Richard Wallace Sunderland: Understood. And then, I guess, just again, same topic, but looking into the 2030s, do you see a growing need there. It seems like the state is probably in an okay position for the next 3 or 4 years, but the next decade is probably a little different.
David Gerard Hutchens: Yes, that’s the calculus we have to look at, right? When we look at our integrated resource plan, next year down in Arizona, I mean this is not static. Remember that 3 years ago is when we did the last integrated resource plan. So as we look going forward, it’s going to be a very different load curve that we have to serve. And so that’s what we look at and then stack up the resources that we need. I’m sure natural gas will be a part of it. Obviously, renewables and storage will be a part of it. So all of those things kind of go into that mix from a long-term perspective. So it’s all a bit TBD at this point. But at the end of the day, infrastructure is going to be needed across our sector and frankly, everyone that serves our sector, right? So if there’s additional gas needs, for generation, there’s going to be likely additional pipeline needs as well. But that all goes into that long-term planning process.

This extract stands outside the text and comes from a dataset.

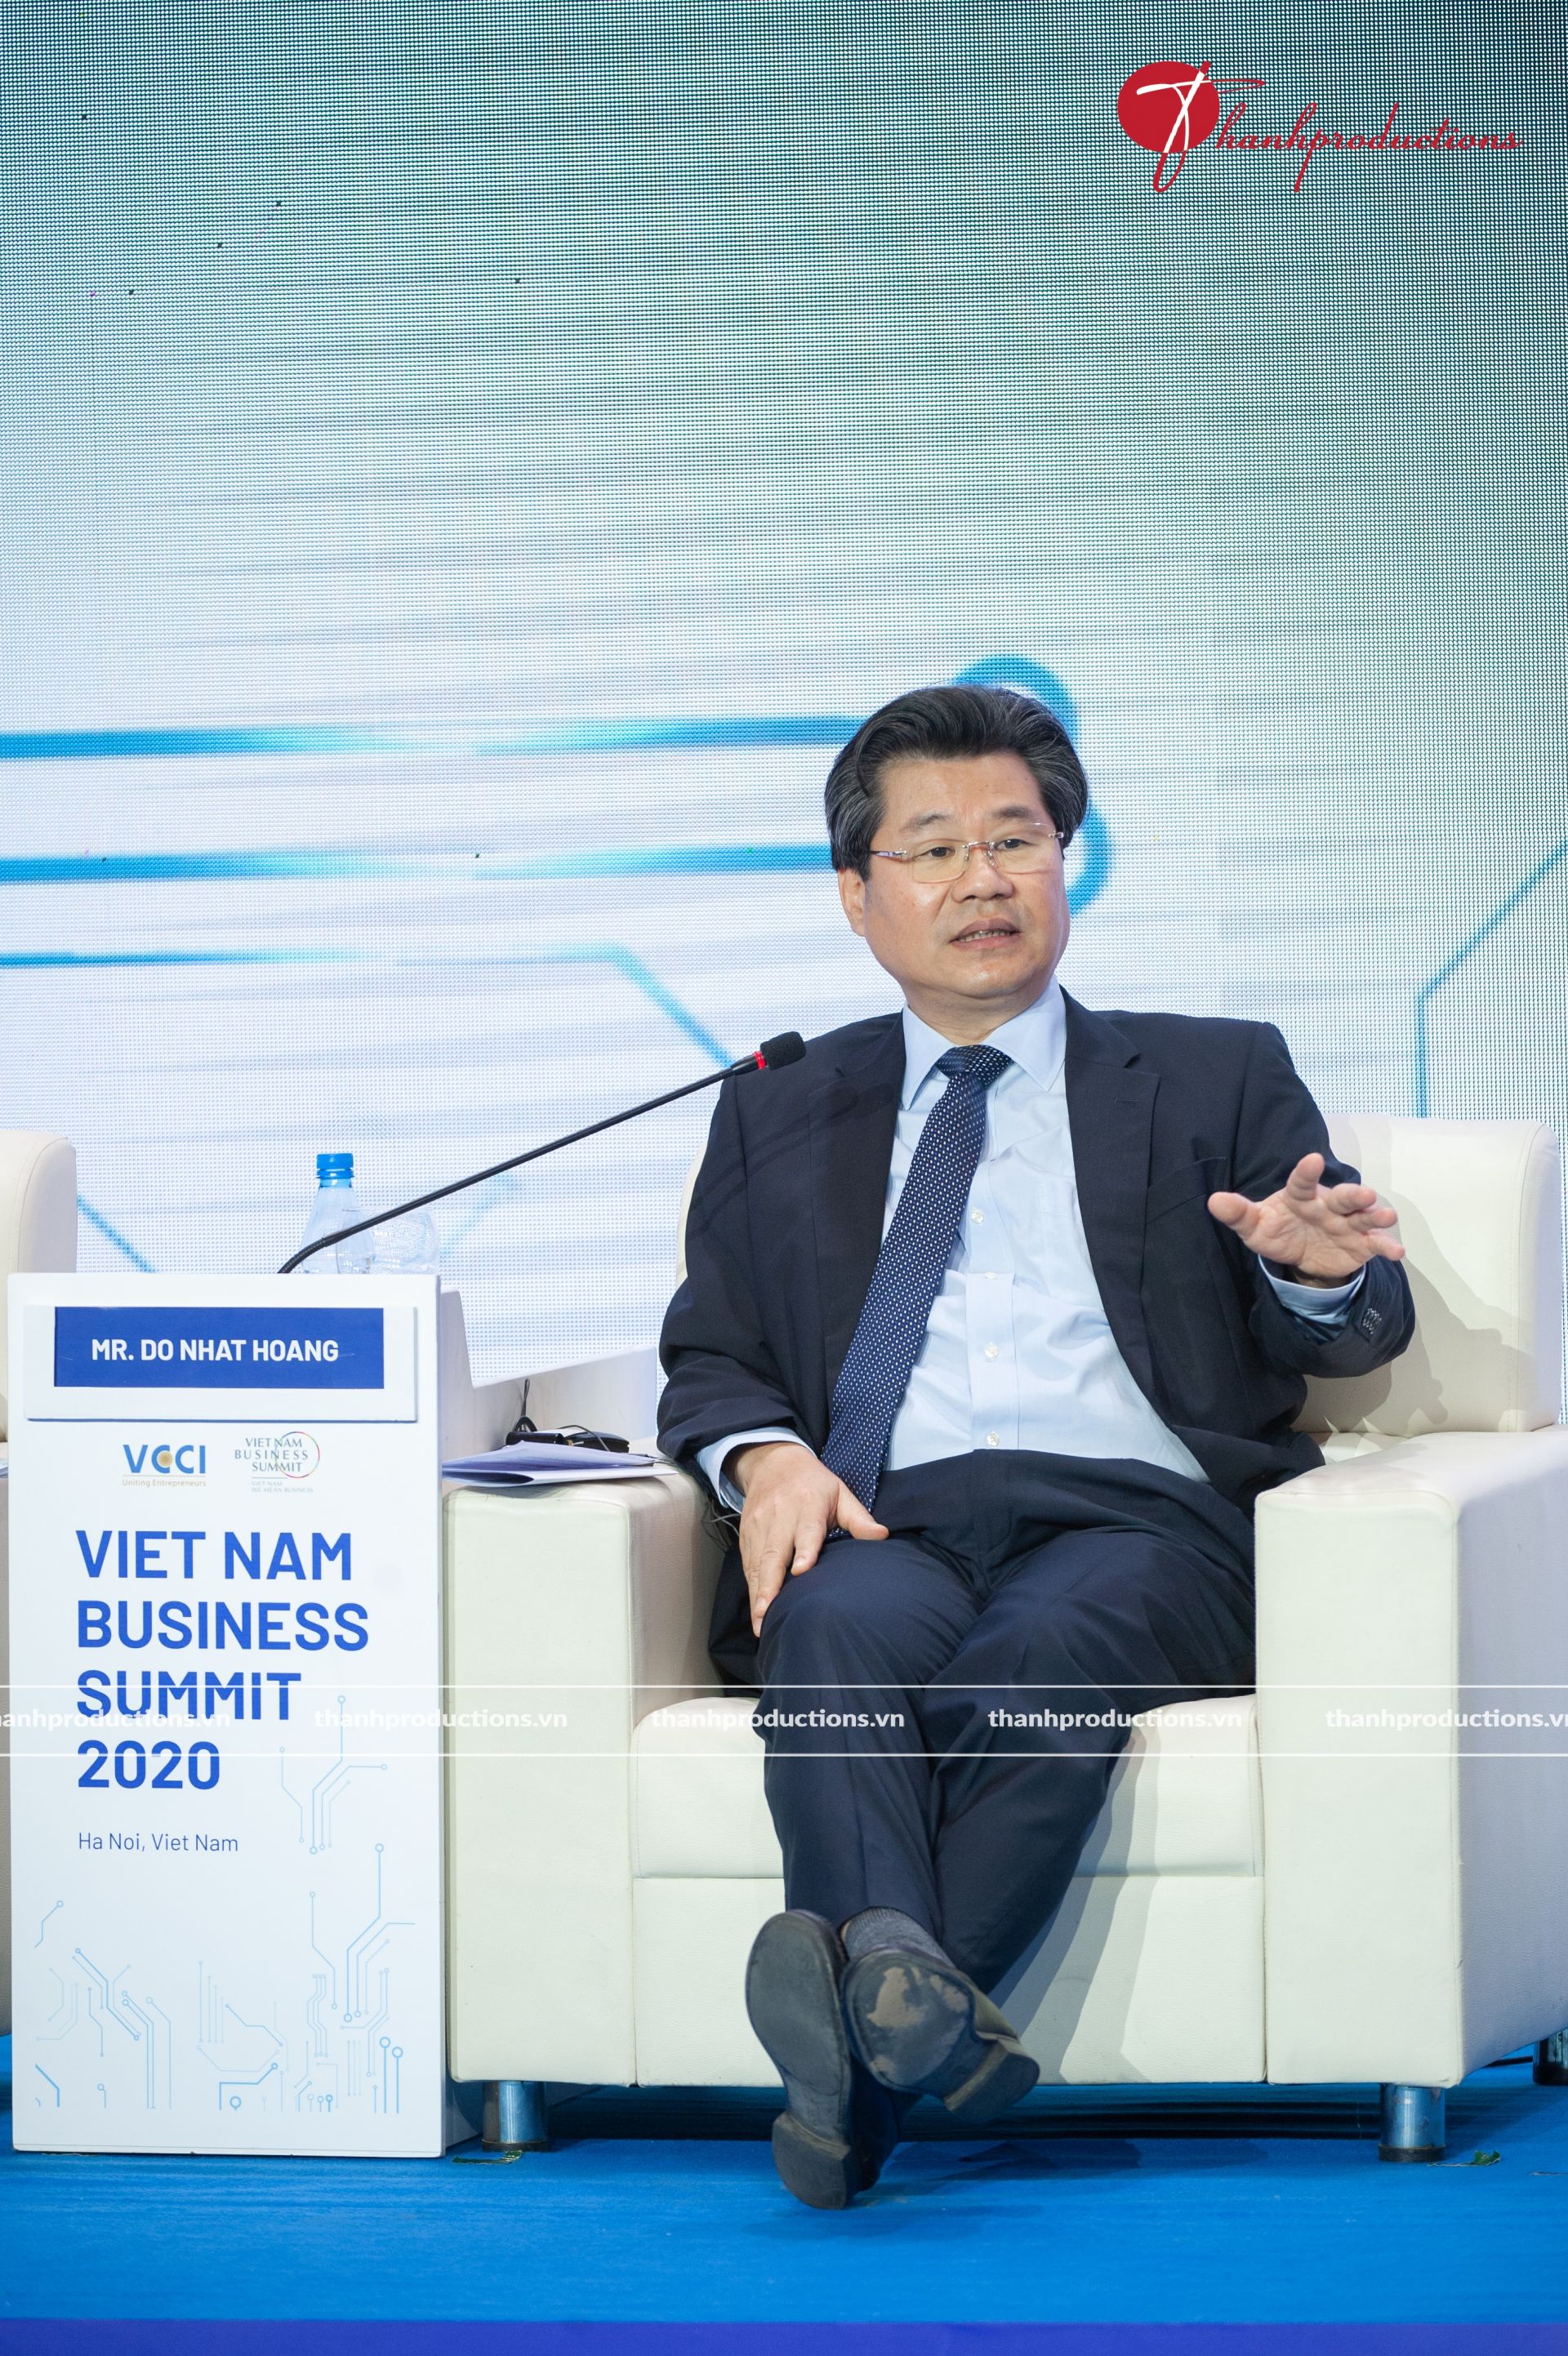 VIETNAM BUSINESS SUMMIT 2020

Richard Wallace Sunderland: I appreciate the commentary. I’ll leave it there.
Operator: This concludes the question-and-answer session. I would like to turn the conference back over to Ms. Amaimo for any closing remarks. Please go ahead.
Stephanie A. Amaimo: Thank you, Chuck. We have nothing further at this time. Thank you, everyone, for participating in our second quarter results conference call. Please contact IR should you need anything further and have a great day.
Operator: This brings today’s conference call to a close. You may disconnect your lines. Thank you for participating, and have a pleasant day.